Der Sturz aller deutschen landesfürstlichen Dynastien im November 1918 stellte die entthronten Monarchen vor neue, bisher unbekannte Herausforderungen. Keiner von ihnen verlor in der Revolution sein Leben. Doch manche verließen ihr Land und residierten hinfort weit entfernt von der angestammten Heimat. Einige nahmen Teil am politischen Geschehen in Deutschland und unterstützten Hitlers Weg zur Macht. Andere wiederum distanzierten sich vom Nationalsozialismus und knüpften lockere Kontakte zu einzelnen Regimegegnern und Attentätern vom 20. Juli 1944. Vermögensrechtlich gelang den meisten ein erträglicher finanzieller Ausgleich mit den nunmehr republikanisch regierten Freistaaten. In den kleineren Residenzen war und blieb der gesellschaftliche Einfluss der früheren Landesherrn erheblich.
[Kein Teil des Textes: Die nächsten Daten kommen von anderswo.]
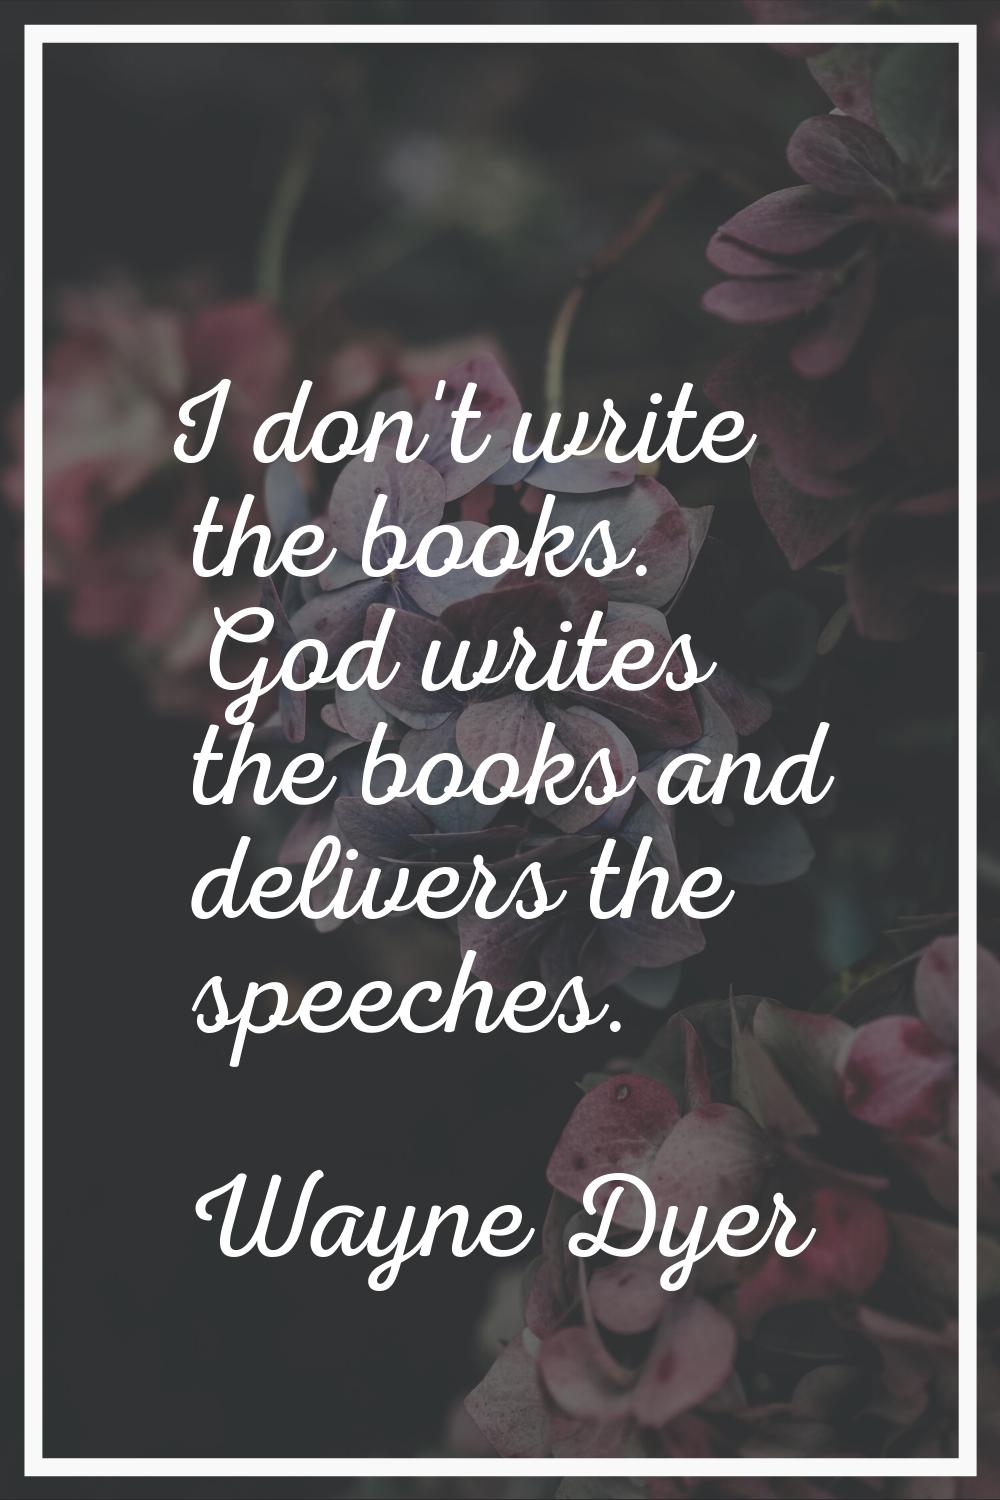 I don't write the books. God writes the books and delivers the speeches.

Hoffnungen auf eine Rückgewinnung des verwaisten Thrones hegten hingegen nur die wenigsten.

Während dem großen Monarchiesterben, das vor gut einem Jahrhundert stattfand, jubiläumsbedingt eine ganze Reihe neuerer Darstellungen gewidmet wurde, fanden die Lebenswege der Entthronten nach ihrem Sturz in der Regel nur geringe Beachtung. Stärkeres allgemeines Interesse erregten neben den Hohenzollern – hier zuletzt vor allem wegen ihres Verhältnisses zum Nationalsozialismus – lediglich noch die Wittelsbacher in Bayern und das Haus Hessen. Das Nachleben der meisten anderen depossedierten landesstaatlichen Dynastien liegt hingegen abseits der öffentlichen Wahrnehmung und wird selbst von der regionalgeschichtlichen Forschung eher nur am Rande zur Sprache gebracht. Zumeist versickert es in den Niederungen der Regenbogenpresse.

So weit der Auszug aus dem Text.